I have troubleshot by echoing the output of the foreach loops and it always returns four items, I'm not sure what parameter isn't defined. I have also played around with including the field names in the $sql string as well as not including them. Same results either way.

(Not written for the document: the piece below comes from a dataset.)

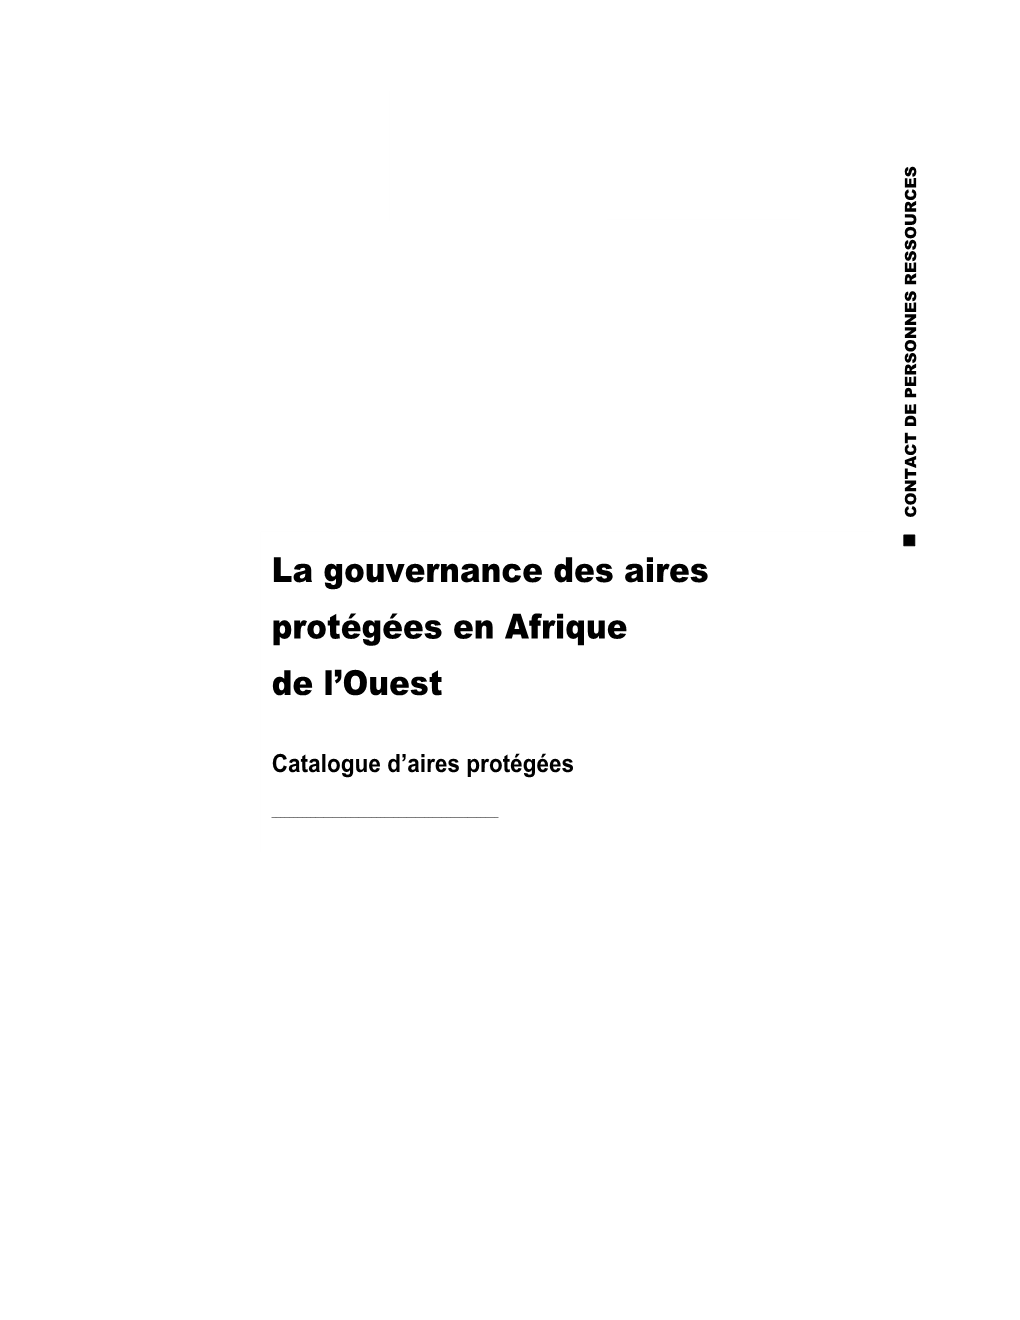 La Gouvernance Des Aires Protégées En Afrique De L'ouest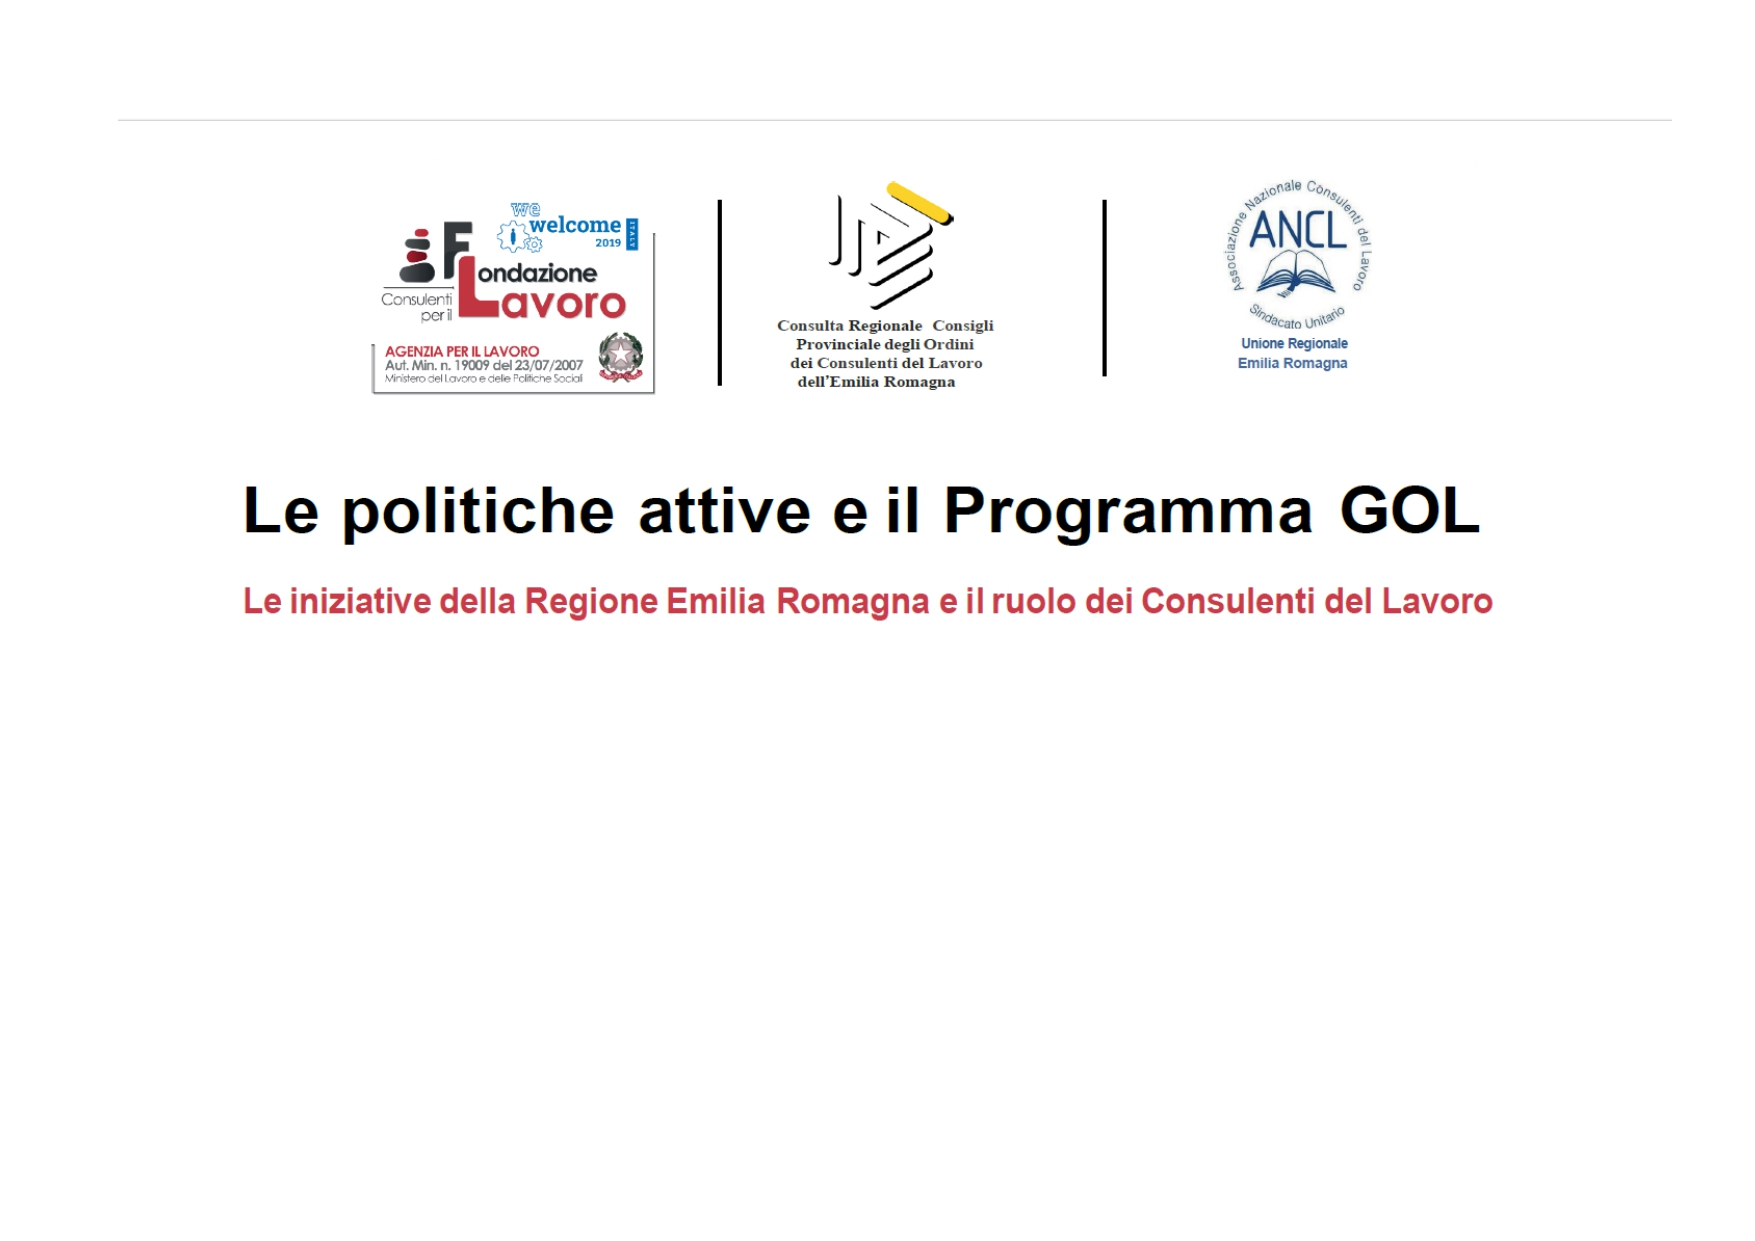 Convegno: Le politiche attive e il Programma GOL. Le iniziative della Regione Emilia Romagna e il ruolo dei Consulenti del Lavoro Bologna 27 aprile 2022 15:00/18:00

Please help if you can.
<?php
class DB {
private $_conn;
public function openDB() {
$dsn = "mysql:host=localhost;dbname=news";
$username = "root";
$password = "password";
try {
$this->_conn = new PDO( $dsn, $username, $password );
$this->_conn->setAttribute( PDO::ATTR_ERRMODE, PDO::ERRMODE_EXCEPTION );
} catch ( PDOException $e ) {
echo "Connection failed: " . $e->getMessage();
}
}
public function closeDB() {
$this->_conn = null;
}
public function selectData( $myQuery ) {
$rows = $this->_conn->query( $myQuery );
foreach ( $rows as $row ) {
echo "Index: " . $row['id'] . "<br />";
echo "Title: " . $row['title'] . "<br />";
}
}
public function insertData( $tableName ) {
$q = $this->_conn->prepare("DESCRIBE " . $tableName);
$q->execute();
$getFields = $q->fetchAll(PDO::FETCH_COLUMN);
$dbFieldCount = count( $getFields );
$implodedFields = implode( ", :", $getFields );
//$sql = "INSERT INTO " . $tableName . " ( " . implode( ", ", $getFields ) . " ) VALUES ( :" . $implodedFields . " )";
$sql = "INSERT INTO " . $tableName . " VALUES ( :" . $implodedFields . " )";
echo "$sql<br />";
try {
$insert = $this->_conn->prepare( $sql );
foreach ( $getFields as $dbKey => $dbValue ) {
foreach( $_POST as $formKey => $formValue ) {
if ( $dbValue == 'id' ) {
$insert->bindValue( '\":' . $dbValue . '\"', null, PDO::PARAM_INT );
echo "$dbValue<br />";
break;
} else if ( is_int( $formValue ) && $dbValue == $formKey ) {
$insert->bindValue( '\":' . $dbValue . '\"', $formValue, PDO::PARAM_INT );
echo "$formValue<br />";
break;
} else if ( is_string( $formValue ) && $dbValue == $formKey ) {
$insert->bindValue( '\":' . $dbValue . '\"', $formValue, PDO::PARAM_STR );
echo "$formValue<br />";
break;
}
}
}
$insert->execute();
} catch ( PDOException $e ) {
echo "Query failed: " . $e->getMessage();
}
}
}
?>
<!DOCTYPE html>
<html>
<head>
<meta http-equiv="Content-Type" content="text/html; charset=UTF-8">
<title></title>
</head>
<body>
<?php
if ($_POST) {
$conn = new DB();
$conn->openDB();
$conn->insertData( 'login' );
$conn->closeDB();
}
?>
<form action="#" method="POST" name="register">
<label for="username">Username</label><br />
<input type="text" id="username" name="username"><br />
<label for="password">Password</label><br />
<input type="password" id="password" name="password"><br />
<label for="email">Email Address</label><br />
<input type="text" id="email" name="email"><br />
<input type="submit" value="Submit" />
</form>
</body>
</html>
$sql = "INSERT INTO " . $tableName . " VALUES ( :" . $implodedFields . " )";
Here you're adding all columns into your SQL statement, but later you only add values that are sent when the form is submitted. It's possible that you have columns in your database that aren't in the form, so you're coming up with a statement like:
INSERT INTO someTable VALUES (:id, :value1, :value2)
And then you only bind :id and :value1, leaving MySQL confused about what :value2 is supposed to be.